Si en un país como éste cada uno pusiera por delante sus minucias personales, estaríamos tratando todavía de intervenir las empresas privadas, jovencita (y el decano Julio César tuviera su negocio no se habría limpiado en la Limpia del Escambray de su trastienda burguesa ni sería decano claro que no es lo mismo dispararle a un tipo que te puede matar o a un bulto que se escurre en un cerco que ir limpiando ésto de gentes que no se han puesto a la altura del Proceso Revolucionario blandenguerías de burgueses rehabilitados todavía quieren vivir como les da la gana relajada la disciplina y) No. La escucho. La escucho.

Yo era entonces «el flaco de los espejuelitos que se sienta en la tercera fila». Ni siquiera Gabriel. Y ella quedaba a nueve asientos de distancia: en otro continente. Cuando empezaron a llover las tareas de Dibujo, recobré mi nombre: «Gabriel, un isométrico»; «Gabriel, esta tuerquita, hermano, que no sale»; «Gabriel, la vista lateral izquierda». Y a ella no le salían ni dibujos infantiles de papás y mamás como alambritos. Aproveché un receso para cambiarle sus seis planillas, condecoradas a toda página con ceros rojos, por otras seis, impregnadas aún de café fuerte, humo y madrugada. Al día siguiente, en el último plazo, cruzó el aula para entregarlas al profesor —que quizás esperaba un suspenso con oportunidad para revalidar, cualquiera de estas noches, a solas en la cátedra—. Al ver los impecables dibujos, guardó desolado los folios de papel alba en la carpeta azul, no en la fatídica negra. De regreso, ella me dejó una mirada muy larga dentro de los ojos, una sonrisa y su mano sobre mi hombro antes de alcanzar su sitio allá en el fin del mundo. Nunca me dio las gracias.

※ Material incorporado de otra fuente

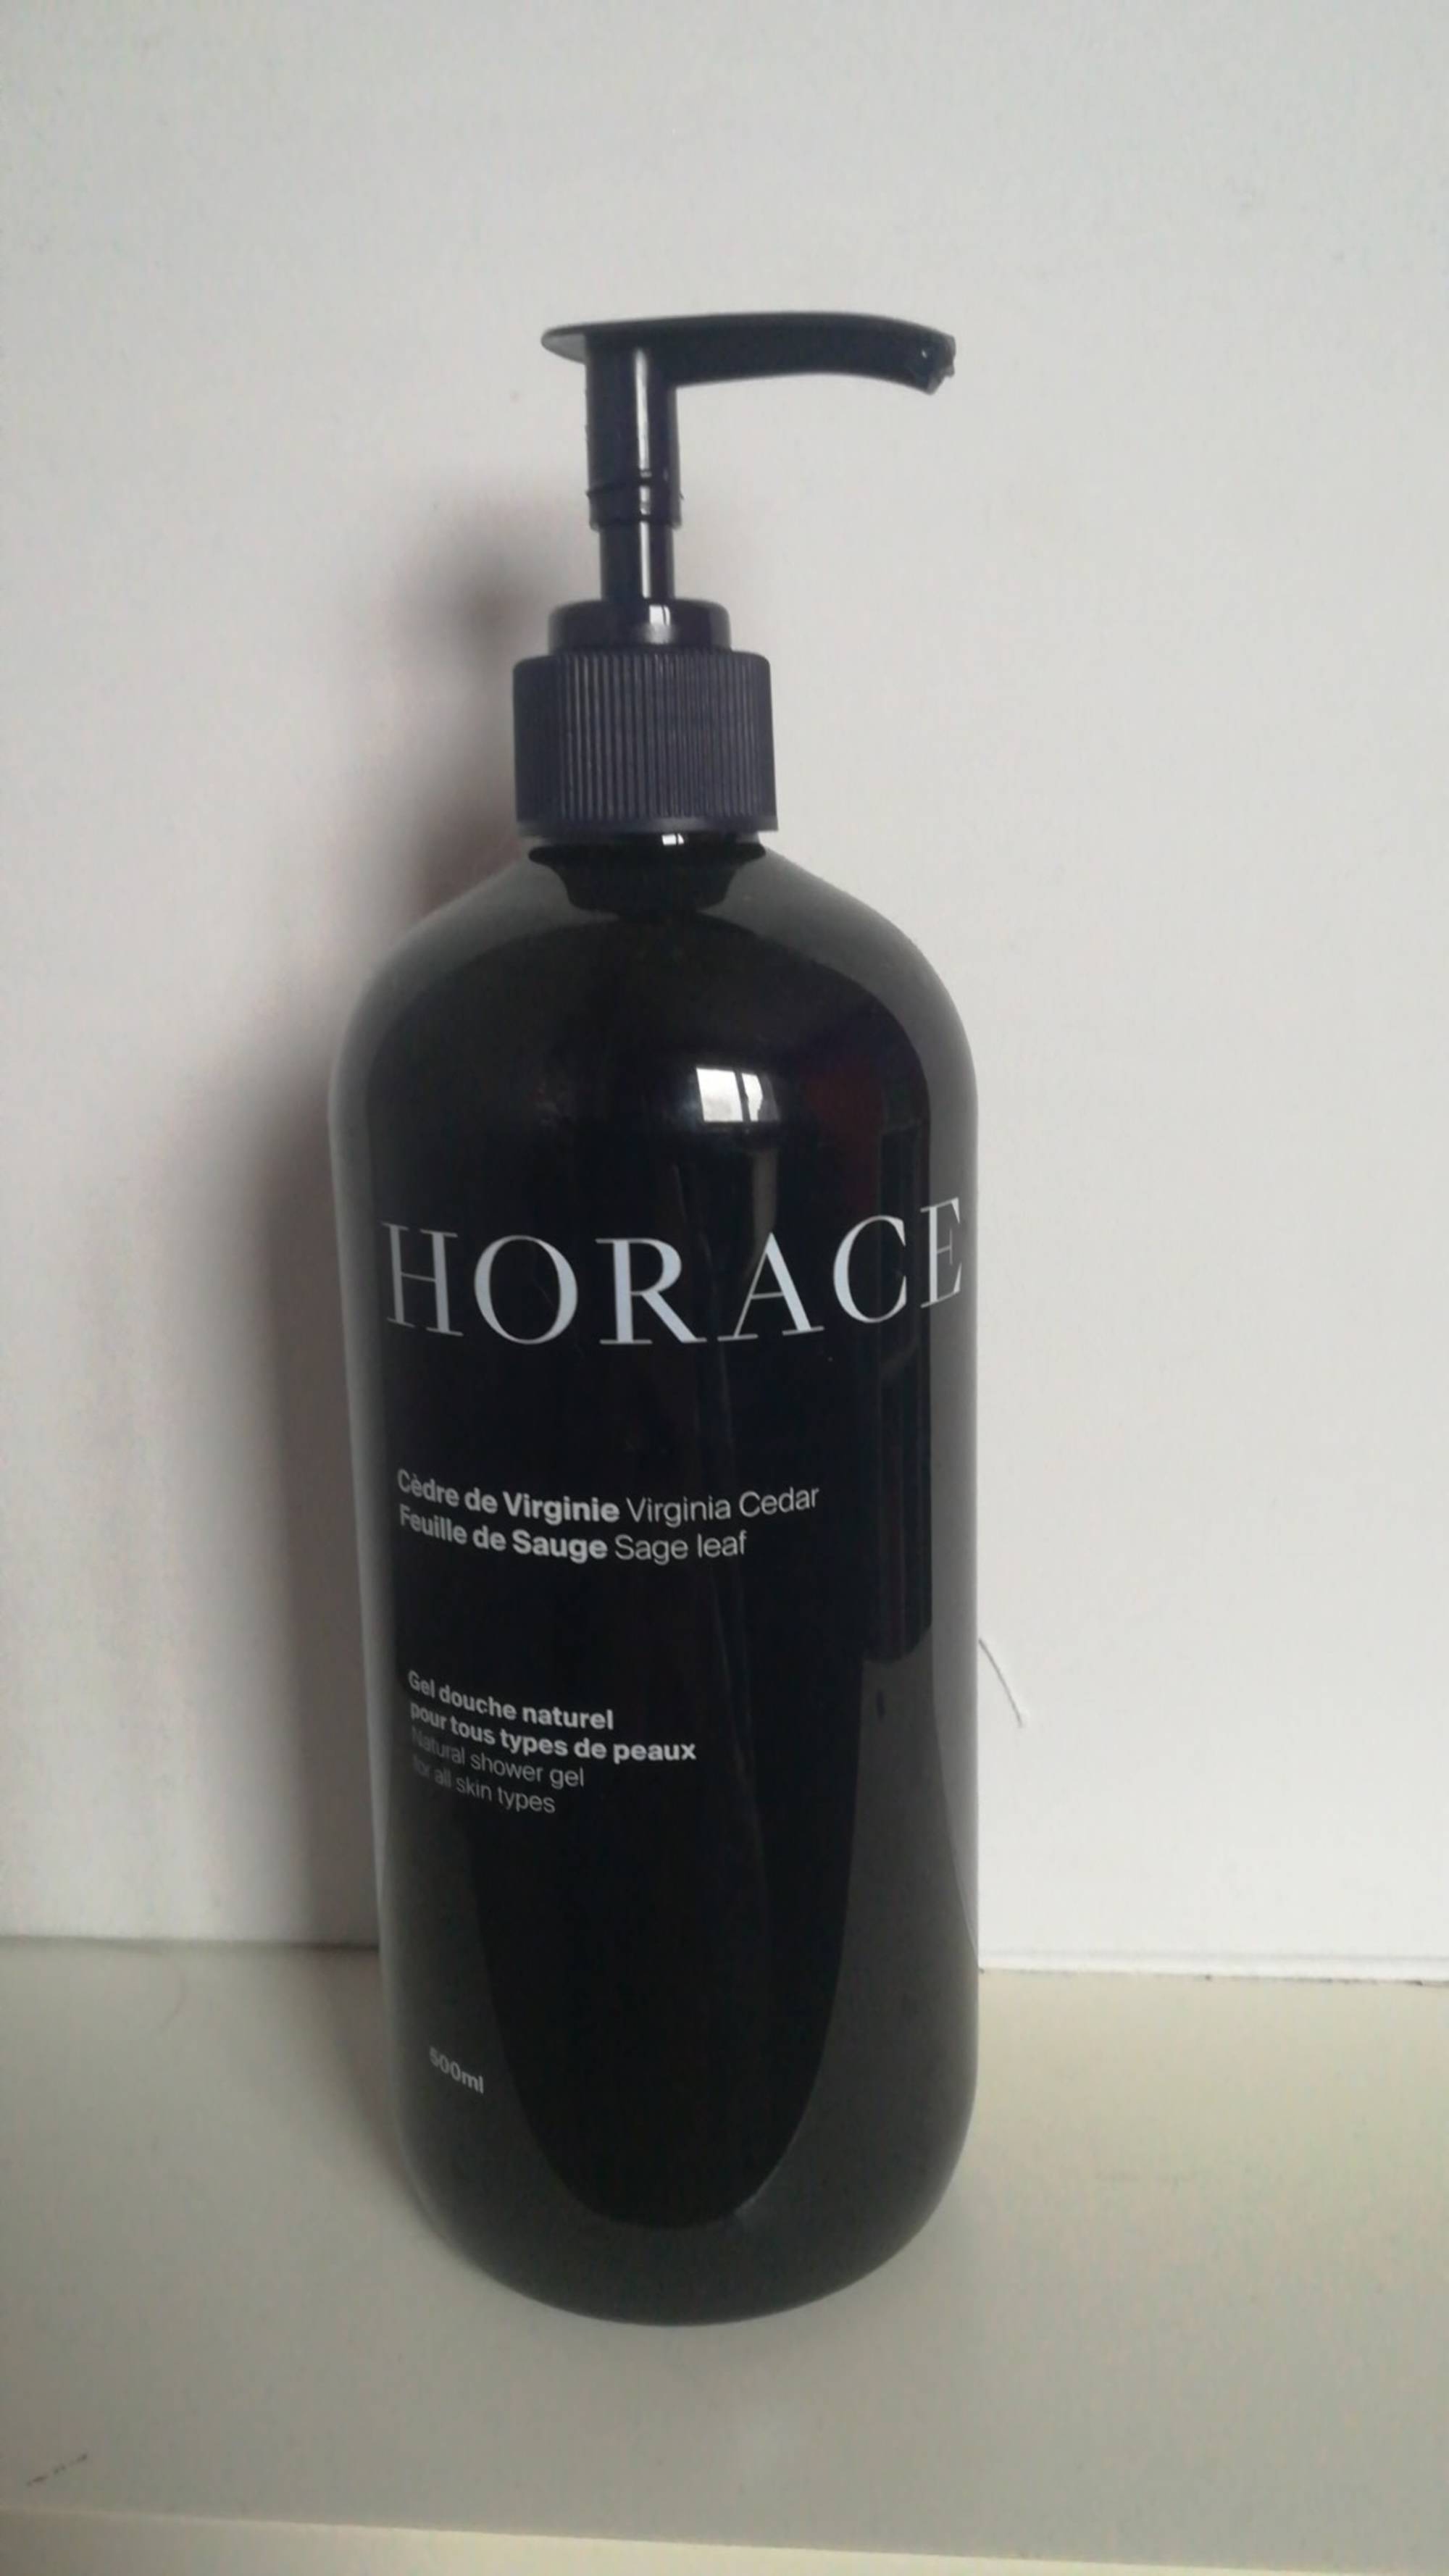 HORACE - Cèdre de virginie feuille de sauge - Gel douche naturel

Teresa fue el odio de las muchachas que no querían desnudarse después frente al espejo. Vino entonces su risa, su modo de llevar la belleza como algo que le hubiera caído y no se diera cuenta. Hacer un moño a Lidia, la Vizca, en diez segundos, para que pareciera menos fea; o sus libretas: juegos a los ceritos, palomas y flores torcidas, entre las que naufrabagan algunas notas huérfanas de clases. Con el paso de las semanas, cayeron, uno a uno, los alpinistas. Se acercaron a ella, una por una, las muchachas.

El tipo más hijoeputa del aula era el enano. Recomendaban cualquier libro, y él se aparecía a la mañana siguiente con el suyo y otro de regalo («por si no lo tenía, profesora»). Y entre la desbandada del receso: «Profesor: mire a ver si está bien el ejercicio». O peor: «¿Por qué yo saqué cuatro y Berta cinco, si pusimos lo mismo en el examen y yo le repasé la asignatura?». Por eso cuando ya estaba alcanzando la escalera, en plena contrarreloj, lo cargaban entre dos hasta una cuadra de distancia, y con su paso de enano, media tracción, decían los jodedores, siempre llegaba tarde. O lo trepaban en el laboratorio de inorgánica a la banqueta, mientras el instructor se hacía el bobo; lo alejaban de mesas y paredes. No podía tirarse. Teresa lo bajó dos o tres veces. No por eso fue menos hijoeputa.

Al principio, Teresa no les hacía caso. Ellos pasaban, le abrían la portezuela: «te llevo cómoda, niña»; «¿me estabas esperando?»; «a donde tú me digas». Todos iguales: medios tiempos, entradas, cinco bolígrafos y agenda, barriga cervecera sustraída provisionalmente por una inspiración profunda para abultar los pectorales. Todos con fotos en la cartera de mujeres bien peinadas y niños, todos con olor a Populares Superfinos, colonia Fresca y gasolina estatal.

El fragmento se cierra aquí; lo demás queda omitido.